# How do I reset my ECU?



## jettaracer1989 (Jan 8, 2009)

Just fixed my issues that caused my check engine light but i cant figure out for the life of my how to reset the ECU. I tried to disconnect the battery for a few hours but that didnt even work. car is a 96 passat glx


----------



## jettaracer1989 (Jan 8, 2009)

*Re: How do I reset my ECU? (jettaracer1989)*

Seriously? nobody knows how to reset an ECU?


----------



## g60ADAM (Mar 6, 2002)

*Re: How do I reset my ECU? (jettaracer1989)*

disconnect both battery terminals. now touch the negative and the positive cables together... ecu is reset. http://****************.com/smile/emthup.gif


----------



## jettaracer1989 (Jan 8, 2009)

*FV-QR*


_Quote, originally posted by *g60ADAM* »_disconnect both battery terminals. now touch the negative and the positive cables together... ecu is reset. http://****************.com/smile/emthup.gif 


really? im gonna go try that thanks man


----------



## jettaracer1989 (Jan 8, 2009)

*FV-QR*

Didnt work i wonder if my ECU could be shot, called budzecks auto out of norwich ct and they said to drive it a few times and it should go out




_Modified by jettaracer1989 at 9:53 AM 4-22-2010_


----------



## Das Borgen (Sep 10, 2008)

*FV-QR*


_Quote, originally posted by *jettaracer1989* »_Didnt work i wonder if my ECU could be shot, called *budzecks *auto out of norwich ct and they said to drive it a few times and it should go out



that's a rather humorous name for a spot


----------



## jettaracer1989 (Jan 8, 2009)

*FV-QR*


_Quote, originally posted by *Das Borgen* »_

that's a rather humorous name for a spot


haha yeah, they specialize in VW, I called an actual VW dealership they said i need a VAG-COM, went to a garage down the street and he said if it doesnt reset with disconnecting the battery then i still have an issue. Called that budzecks place and she said just drive it a few times to cycle the computer and it should go out


----------



## GinsterMan98 (May 19, 2008)

*Re: How do I reset my ECU? (g60ADAM)*

If you have Vag com just clear the ODB2 codes out. Even if their are none, it will reset the ecu.


----------



## jettaracer1989 (Jan 8, 2009)

*FV-QR*

yeah i dont have a vag com lol have a regular obd2 scan tool but not sure if that will do the same thing


----------



## BoostedDubVR6T420 (Dec 4, 2009)

If you're throwing a code though, resetting the ECU will do nothing. You have to the fix the problem to get rid of the MIL.


----------



## Kenji (Jul 13, 2001)

*Re: How do I reset my ECU? (jettaracer1989)*


_Quote, originally posted by *jettaracer1989* »_Just fixed my issues that caused my check engine light but i cant figure out for the life of my how to reset the ECU.
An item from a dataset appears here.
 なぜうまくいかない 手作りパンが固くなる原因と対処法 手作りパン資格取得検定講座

You're slightly confusing two concepts. Disconnecting the battery will reset your ECU. However, while resetting your ECU will clear all of the idle settings and readiness bits, it doesn't clear all of the DTCs stored in the ECU's memory. For that, you need a VAG scan tool (e.g., VAG-COM).


----------



## jettaracer1989 (Jan 8, 2009)

*FV-QR*


_Quote, originally posted by *BoostedDubVR6T420* »_If you're throwing a code though, resetting the ECU will do nothing. You have to the fix the problem to get rid of the MIL.
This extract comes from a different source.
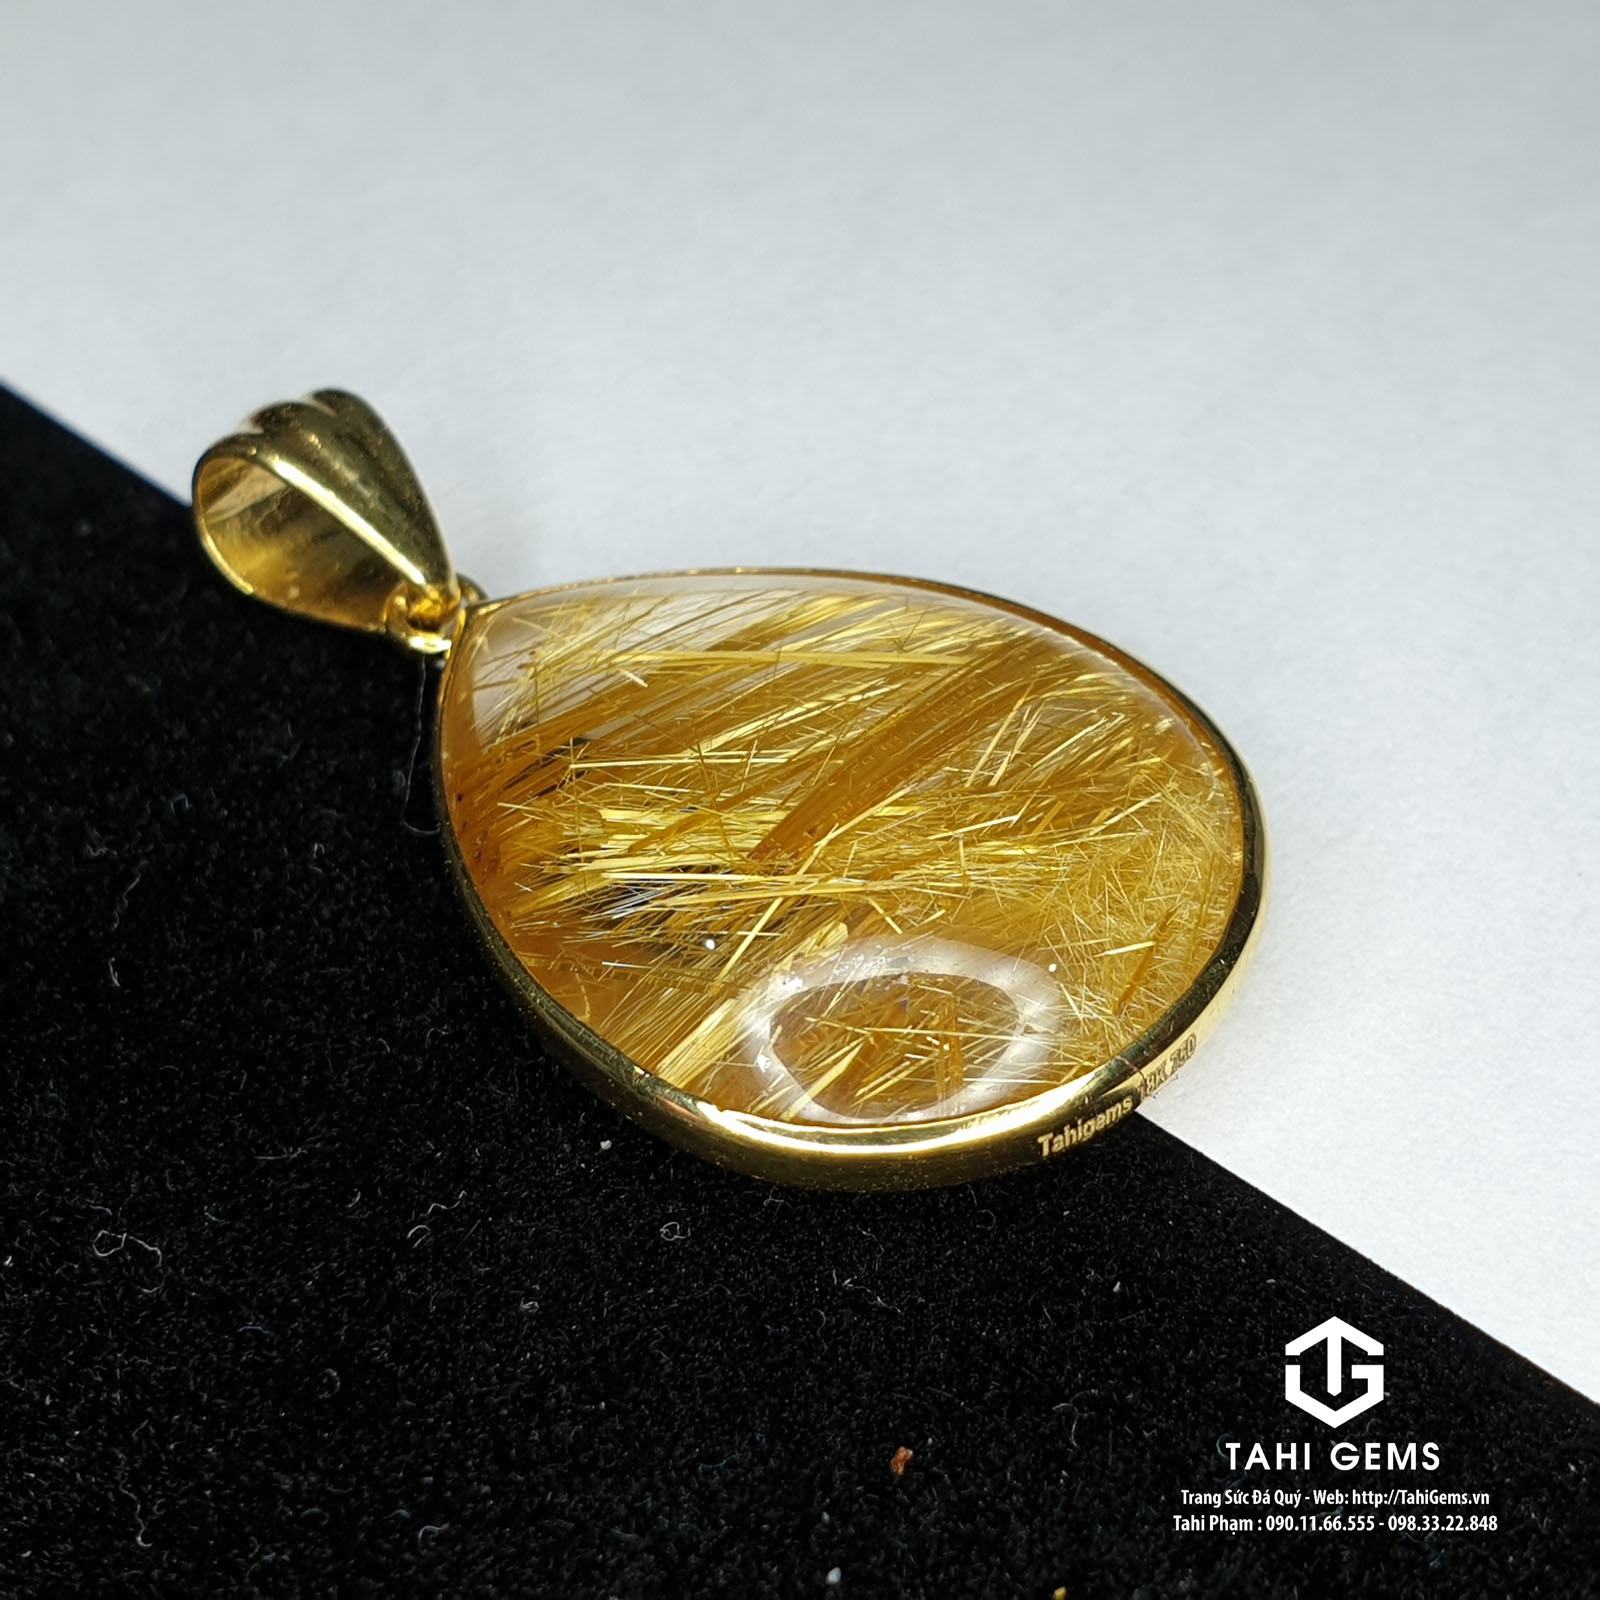 Tahi 5240 - Mặt dây chuyền đá quý thạch anh tóc vàng trạm viền vàng

Reading comprehension fail, already did that, hence why I'm trying to clear the codes, 

_Quote, originally posted by *Kenji* »_
You're slightly confusing two concepts. Disconnecting the battery will reset your ECU. However, while resetting your ECU will clear all of the idle settings and readiness bits, it doesn't clear all of the DTCs stored in the ECU's memory. For that, you need a VAG scan tool (e.g., VAG-COM).


Yeah but my only problem that i dont have a VAG scan tool and I do not know anybody who does


----------



## jettaracer1989 (Jan 8, 2009)

*Re: FV-QR (jettaracer1989)*

Any way to cut the wire for the SAI and put a resistor in so it will read that everything is okay? i mean my issue was that my pump wasnt turning on and thats fixed, but I would like to not have to deal with this issue again that was a pain in the ass to get to the vacuum line


----------



## racerx215600 (Mar 24, 2007)

*Re: FV-QR (jettaracer1989)*


_Quote, originally posted by *jettaracer1989* »_Any way to cut the wire for the SAI and put a resistor in so it will read that everything is okay? i mean my issue was that my pump wasnt turning on and thats fixed, but I would like to not have to deal with this issue again that was a pain in the ass to get to the vacuum line 
 You have to run it threw to cycles like your local shop told you. it should just turn off by its self when it doesnt see the code any longer if you are still seeing the code could be another problem or the new pump isnt working either. I have deleted my sai c2 has a program that will let you run with out it and wont throw a code. You can call them and see if they have the program for yours.


----------



## redcabby98 (Jan 24, 2010)

*Re: FV-QR (racerx215600)*

are you obd2. because i've been having problems with my sai as well


----------



## racerx215600 (Mar 24, 2007)

*Re: FV-QR (redcabby98)*


_Quote, originally posted by *redcabby98* »_are you obd2. because i've been having problems with my sai as well
Im obd2


----------



## redcabby98 (Jan 24, 2010)

*Re: FV-QR (racerx215600)*

How much was the c2?


----------



## jettaracer1989 (Jan 8, 2009)

*FV-QR*

yeah im obd2, and its just a pain in the ass to replace that pump. But i can hear mine work now that i replaced the vacuum line to it


----------



## redcabby98 (Jan 24, 2010)

*Re: FV-QR (jettaracer1989)*

I've replaced the combi valve, the soloniod, pump, and all of the hoses and I'm still getting an incorrect flow code


----------



## jettaracer1989 (Jan 8, 2009)

*FV-QR*


_Quote, originally posted by *redcabby98* »_I've replaced the combi valve, the soloniod, pump, and all of the hoses and I'm still getting an incorrect flow code


i hear that the ECU in our cars can only write so many codes before it has had too many and cant write anymore, and you cant clear them after that. I think its B/S but it could be true


----------



## redcabby98 (Jan 24, 2010)

*Re: FV-QR (jettaracer1989)*

Has anybody confirmed this? Because this is just retarded, I need to get my car inspected, lol


----------